Pas de frisson d’horreur, donc, comme sut parfois en produire le naturalisme littéraire, mais un captage déromantisé des extérieurs et de décors froidement réalistes – la mine de charbon, à l’image, n’est ainsi pas l’enfer noir qu’on pouvait imaginer, mais plutôt cet édifice droit, rectiligne, indifférent et dépeuplé, en plein air et en plein jour, au milieu duquel les corps en révolte s’agitent en toute lisibilité. S’il faut trouver une poétique au film, elle serait plutôt à chercher dans l’excès inverse : dans la vision de terre nues et vides (avec leur usine pâle qui trône quelque part au fond de l’image), jusqu’à ce final lonesome cowboy au beau milieu des champs.

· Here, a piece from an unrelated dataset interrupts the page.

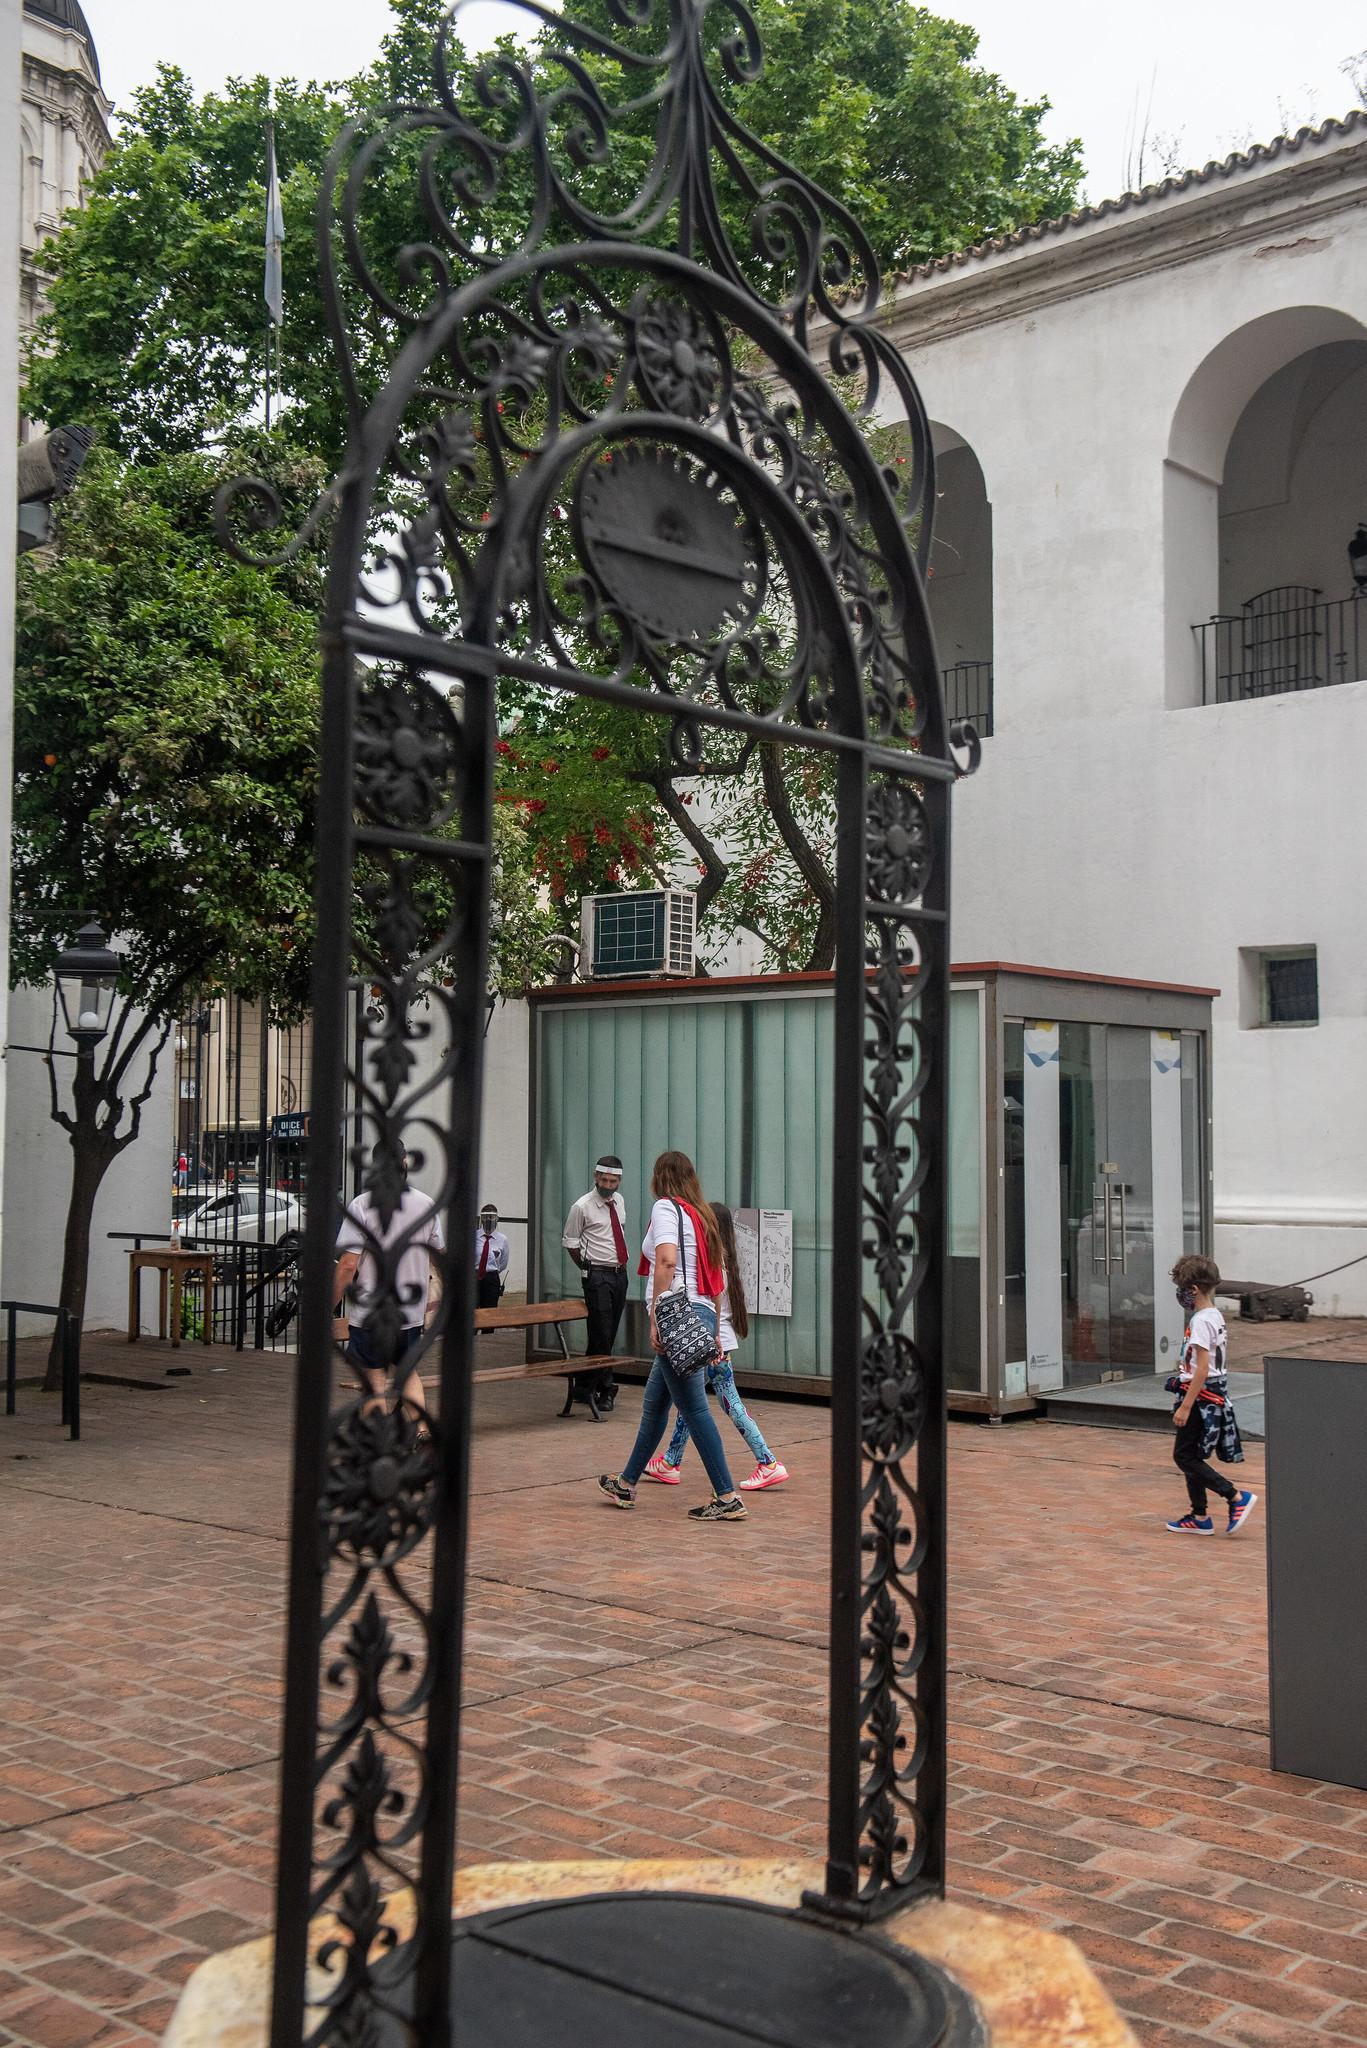 Familias enteras pudieron disfrutar de todas las instalaciones del museo, tanto su patio como sus salas internas (Ministerio de Cultura)

La force narrative du film pâtit de ces parti-pris : le souffle romanesque qui traversait et déformait Le Chevalier de Maison-Rouge a disparu au profit d’une succession plus sage de moments factuels et dépassionnés, que seuls les excellents acteurs parviennent à faire vivre. Ce film, plus que tout autre, souligne combien Capellani excelle dans les chorégraphies de groupe : un homme qui réfléchit à l’avant-plan pendant que la foule s’excite derrière lui, la confrontation de deux prétendants autour desquels volète une femme apeurée, une assemblée d’ouvriers aux gestes patauds pénétrant timidement l’impeccable salon bourgeois… La configuration des corps, leurs rapports de force, permettent à eux seuls de raconter les différentes étapes de chaque scène (évitant par là-même l’usage de cartons de dialogues, les intertitres se contentant de présenter les situations – ce qui n’est d’ailleurs pas sans causer des problèmes d’identification aux personnages). Capellani, de par ce talent chorégraphique, devient tout puissant dès que la situation vire au chaos : les fils coupés de l’ascenseur, la panique dans la mine, l’image infernale et quasi-biblique de l’échelle dont les damnés tombent, la révolte finale… Autant de moments où la droiture de la forme vient tenir le désordre en respect.

Le dernier quart du film, fait d’affrontements et de catastrophes (ainsi que d’images traumatiques qui ne sont sans rappeler L’Usurier de Griffith), offre ainsi un beau terrain de jeu au cinéaste. Mais il est difficile d’investir le moment de quelconque émotion : la violence ici ne dénoue rien, la vision politique de Capellani restant passablement niaise (les cartons insistant sur le dépassement des clivages ouvriers/patrons, qui se « comprennent enfin » en vue de « temps meilleurs »)… Malgré les moyens déchaînés dans ce final, la puissance reste relativement absente d’un film qui n’accepte jamais, au fond, que le récit qu’il adapte puisse travailler sa vision du monde en profondeur.